Furthermore, several human studies assessed the effects of consuming fish protein hydrolysates on physical performance and muscle mass.158163Table 4 summarized the outcomes of these studies. The role of protein supplementation in conjunction with exercise is addressed by a comprehensive study conducted by Vegge et al., who investigated the potential ergogenic effects of unprocessed whey protein and a hydrolyzed marine protein supplement known as NutriPeptin (Np), in combination with carbohydrate supplementation.158 The study involved trained male cyclists and employed a double-blinded crossover design. Results showed that ingestion of unprocessed whey protein (15.3 g·h–1) along with carbohydrate (60 g·h–1) did not exhibit any significant impact on 5 min mean-power performance after a 120 min cycling session at 50% of maximal aerobic power. In contrast, the hydrolyzed marine protein supplement (Np) (2.7 g·h–1) when combined with a protein-carbohydrate beverage (PROCHO) (12.4 g·h–1 and 60 g·h–1), demonstrated an ergogenic effect on mean-power performance.158 However, another randomized, double-blind crossover design study involved 12 healthy males was conducted in three experimental trials.159 These trials comprised a 90 min cycling task at 50% of predetermined maximum power output, followed by a 5 km time trial (TT). The nutritional interventions were administered at 15 min intervals during the cycling task, encompassing CHO, CHO-PRO (a combination of carbohydrate and whey protein), and CHO–PRO-PEP (incorporating hydrolyzed marine peptides along with carbohydrate and whey protein). It was reported that while the addition of hydrolyzed marine peptides did influence metabolism, as evident from metabolic responses, the ultimate endurance exercise performance, evaluated through a 5 km TT, did not exhibit significant differences across conditions. Therefore, while the presence of hydrolyzed marine peptides seemed to exert an influence on metabolic responses, it did not confer a discernible ergogenic advantage when assessed in the context of 5 km TT performance.159

Table 4. Human Intervention Trials Exploring the Effects of Fish Proteins/Hydrolysates on Skeletal Muscle Health, Function, and Exercise Performance.

marine protein source participants research design key findings ref
Nutripeptin (Np; codfish-based) well-trained male cyclizts (age 22 ± 2 years) randomized, double-blind, crossover trial 5 min mean-power did not differ between groups; blood urea nitrogen significantly increased in treatment group (158)
salmon healthy aerobically trained males, age 23 years randomized, double-blind, crossover design mean 5 km TT time to completion and power output did not differ between trials (159)
Nile tilapia (Oreochromis niloticus) physically active subjects (6 males, 3 females; age 27 ± 2 years) randomized, double-blind, placebo-controlled, crossover trial rapid and pronounced amino acidemia was observed (160)

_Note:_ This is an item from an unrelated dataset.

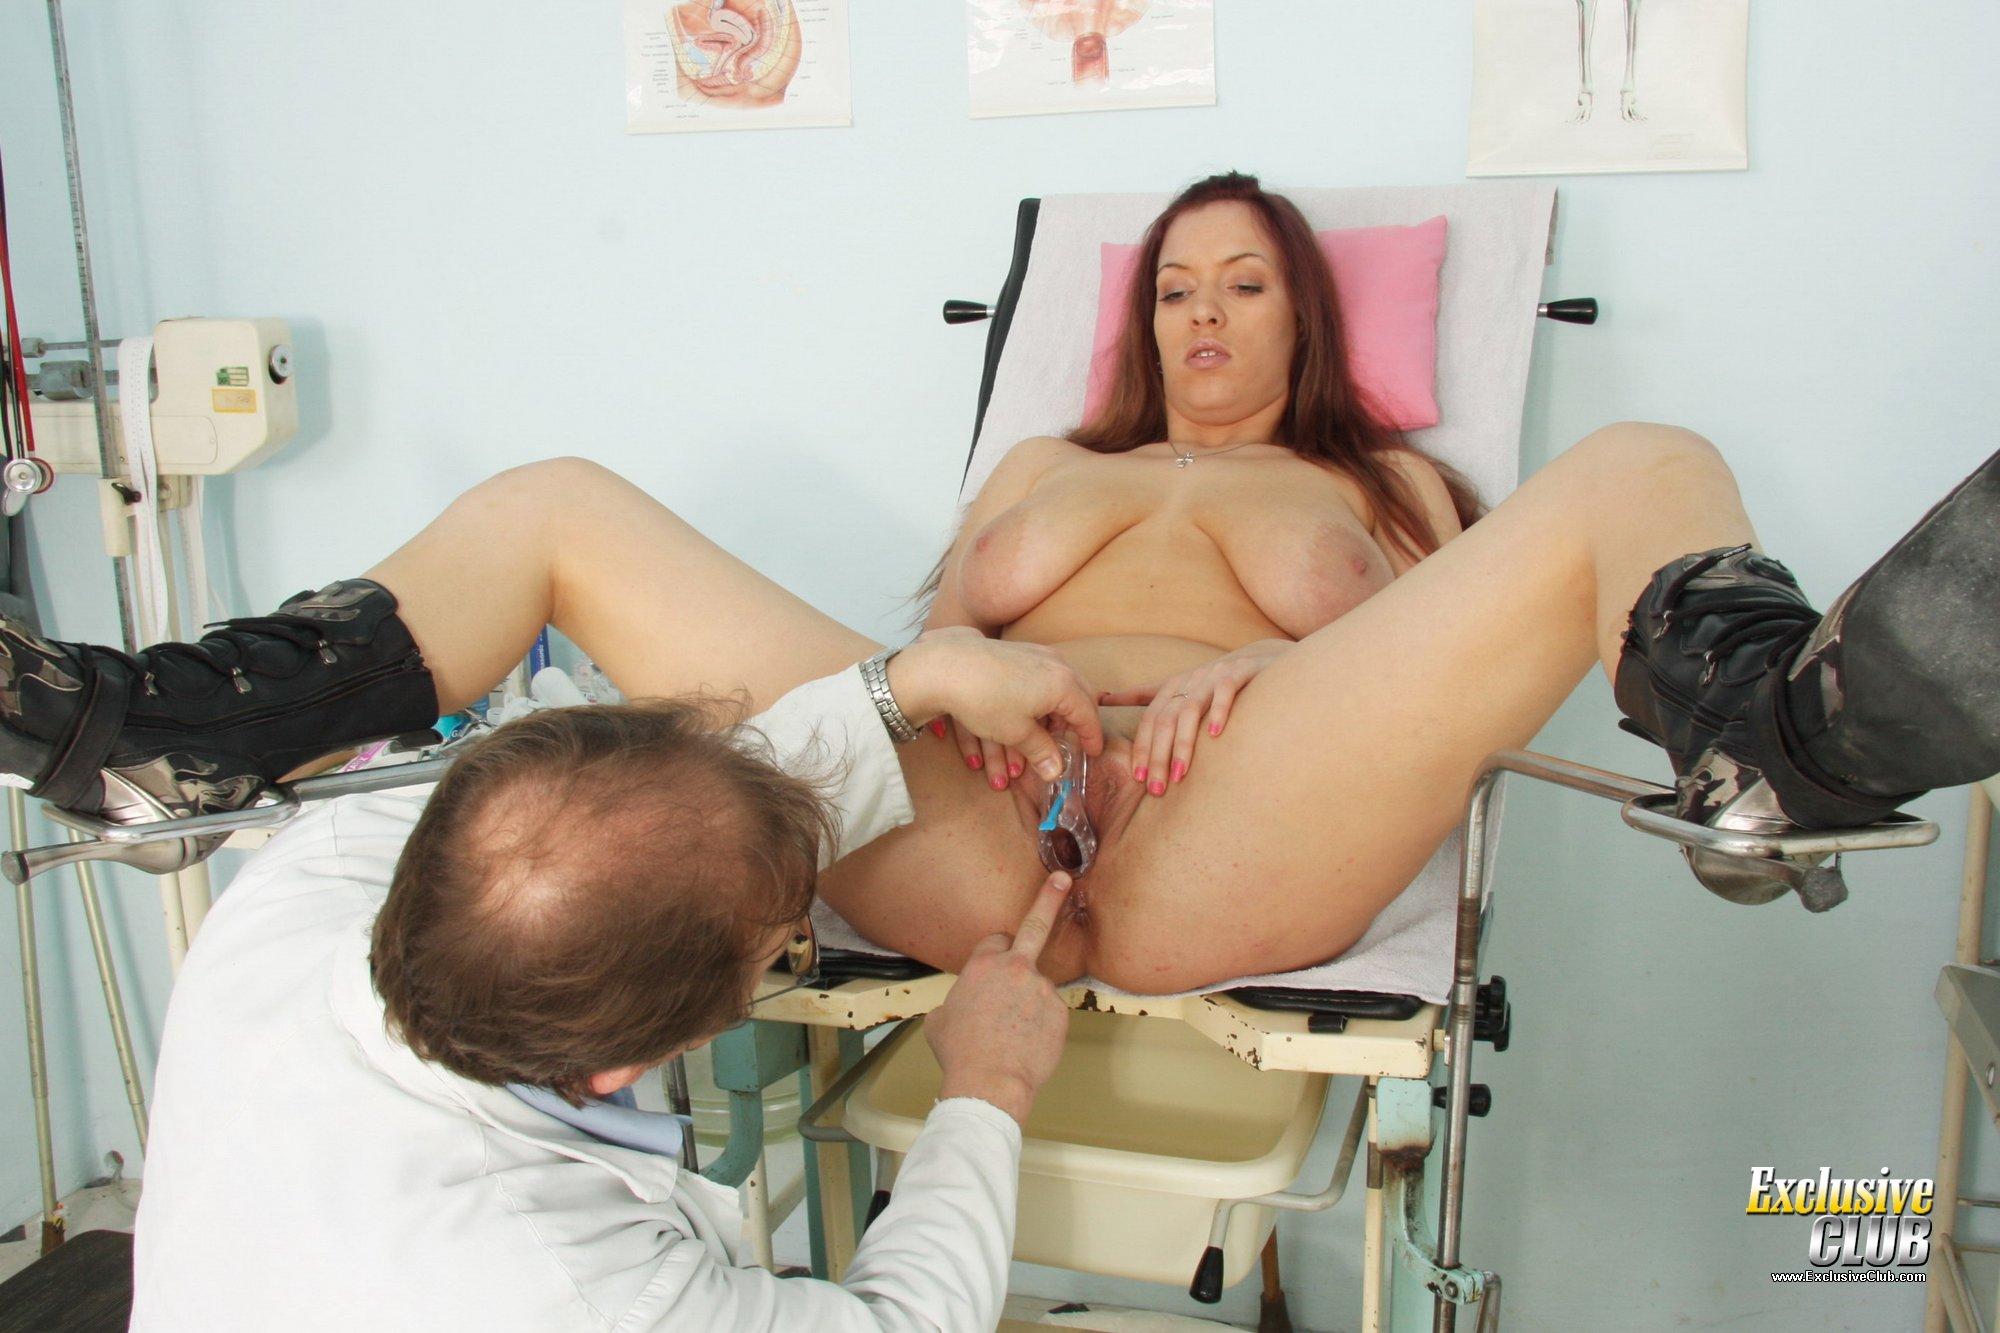 Gyno patient monika pussy speculum gyno clinic examination 9

Atlantic cod fillet (Gadus morhua) 86 participants, 57 women and 29 men. 65 years old and older randomized, double-blind, control trial no difference was found between the intervention and control groups in grip strength and gait speed (161)

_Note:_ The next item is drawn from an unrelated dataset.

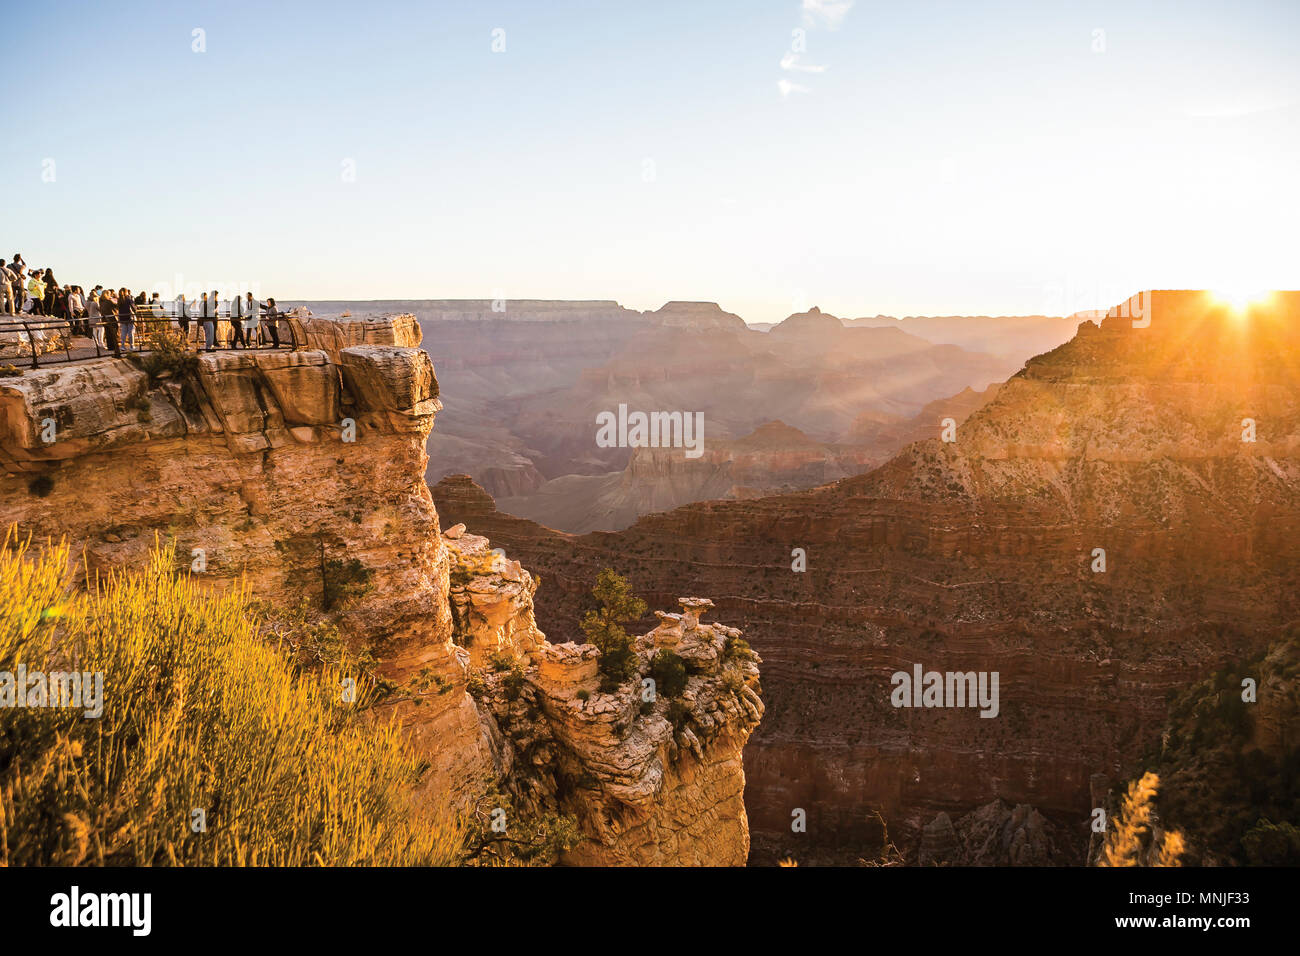 Majestic View mit Touristen beobachten Sonnenaufgang über North Rim des Grand Canyon National Park von Mathers Point am South Rim, Arizona, USA Stockfoto

fresh frozen meat from Atlantic cod 14 healthy male volunteers a double-blinded crossover there were no significant differences between the two nutrition supplementations measured by time to exhaustion at the cycling sessions (162)
blue whiting (Micromesistius poutassaou) 7 healthy older adults (two males, five females; age: 72 ± 5 randomized, counterbalanced, double-blind design blue whiting protein hydrolysate (BWPH) induced postprandial essential amino acidemia in older adults above the control; insulin was elevated above baseline in BWPH; myotube hypertrophy was greater in BWPH compared with control (163)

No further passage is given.